A recent survey discovered that employee compensation, including benefits, accounts for 35% of operating expenses in a typical organization.With so many company resources dedicated to maintaining the workforce, it is necessary to identify ways to improve results, increase efficiency, and lower costs. Human Resource Management Systems (HRMS) help you find such opportunities and capitalize on them.
Implementing HRMS eliminates much of the routine paperwork associated with HR. HRMS automates the most manual and time-consuming human resources functions: Payroll, new-hire processing, benefits and compensation management, employee development, internal analysis, and government reporting. This automation frees up valuable time that you can spend on employee relations, compliance analysis, or training.
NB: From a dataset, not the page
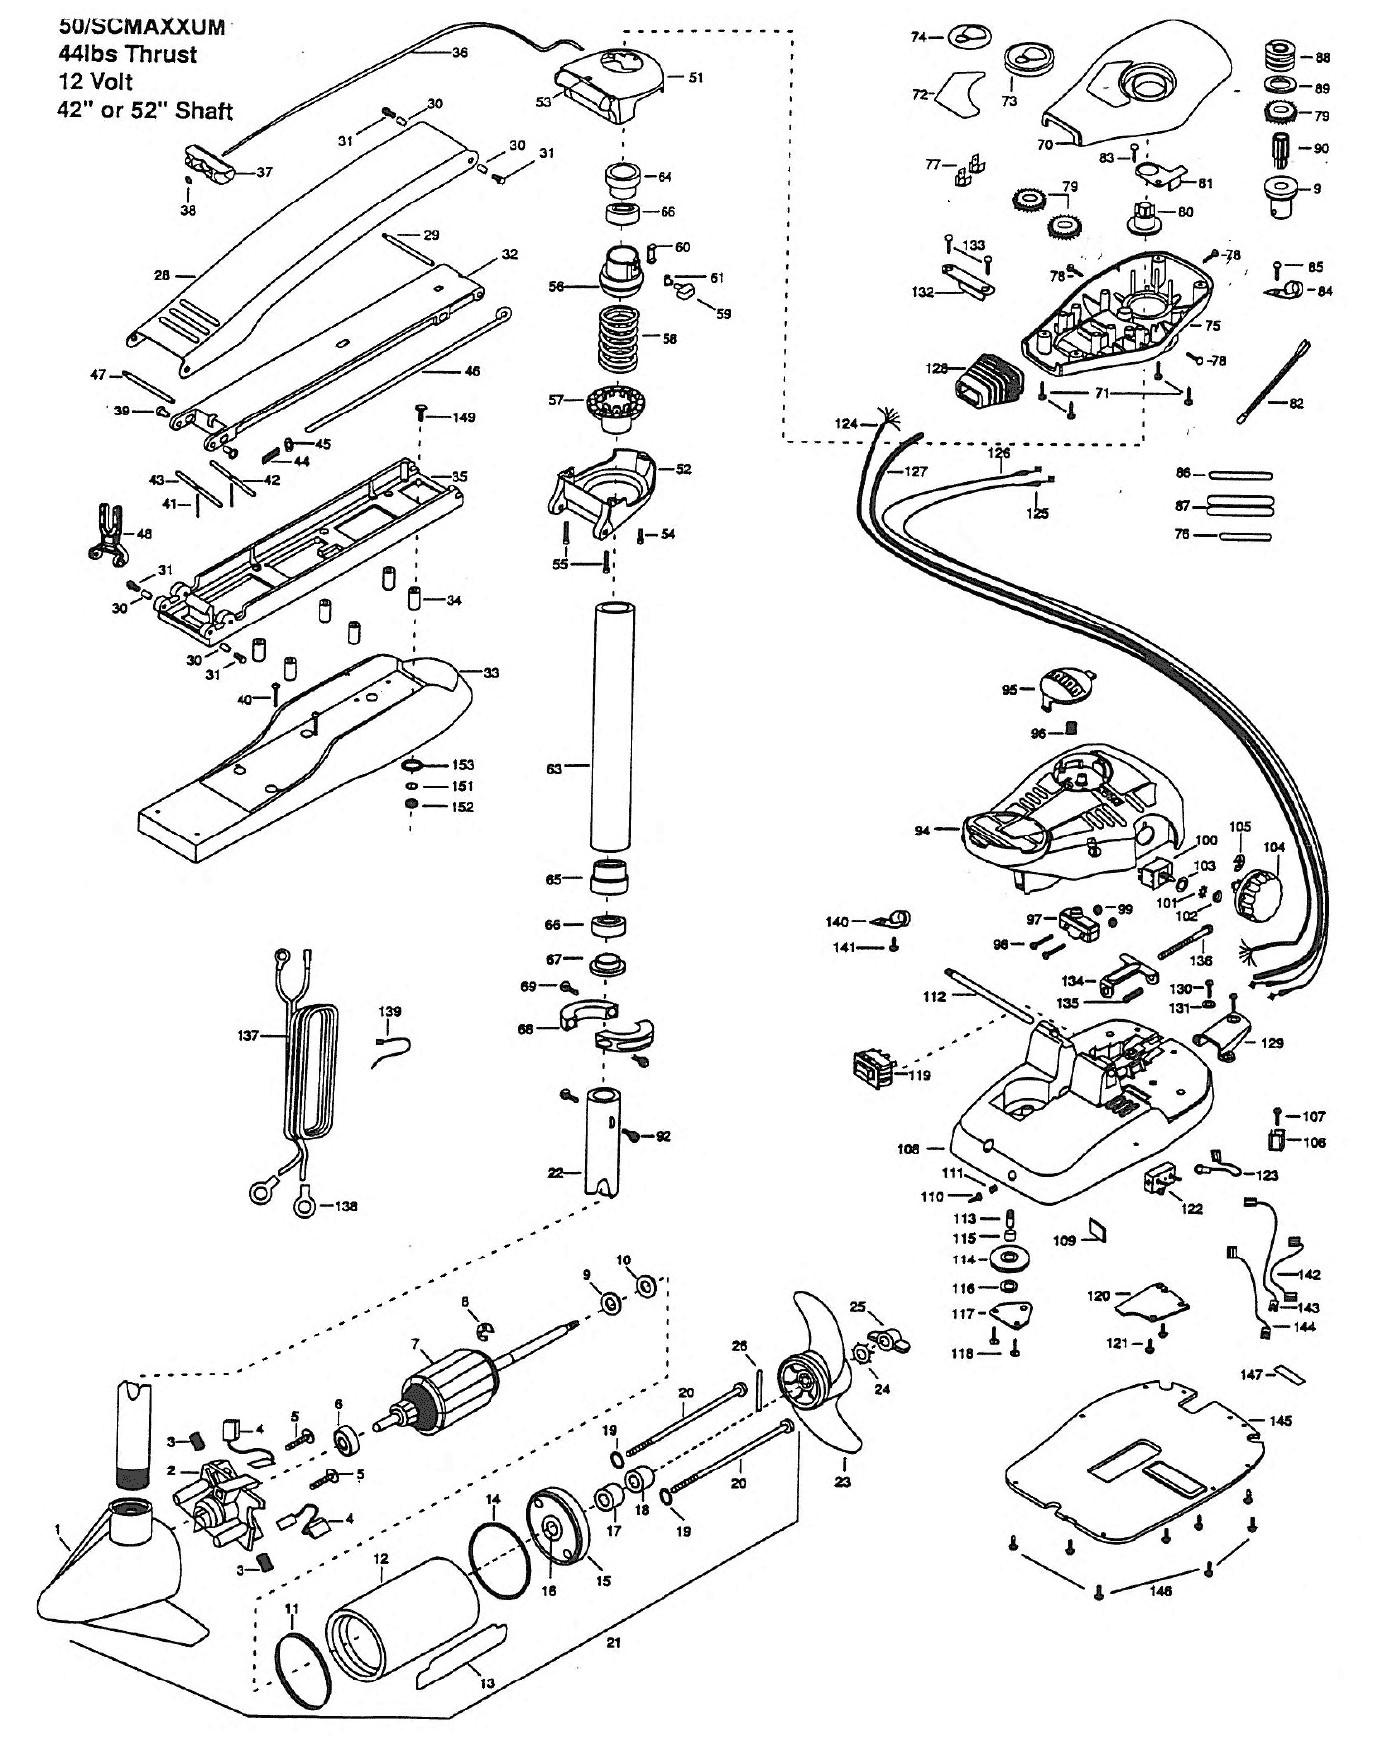 minn kota wiring diagram manual elegant minn kota maxxum 50 sc 42 inch parts 1999 from fish307 of minn kota wiring diagram manual minn kota maxxum wiring diagram schematics wiring diagrams \u2022

Without HRMS, most HR managers rely on paper to manage employee processes. It’s a struggle to track employee information using a combination of homegrown spreadsheets and office file cabinets. Hiring information, payroll records, benefit plan elections, and training certifications for a single employee might be stored in four or more different locations. This invites errors, as information becomes lost and outdated. You must replicate each change to an employee’s data across several files. It becomes tedious, if not impossible, to create timely reports and analysis.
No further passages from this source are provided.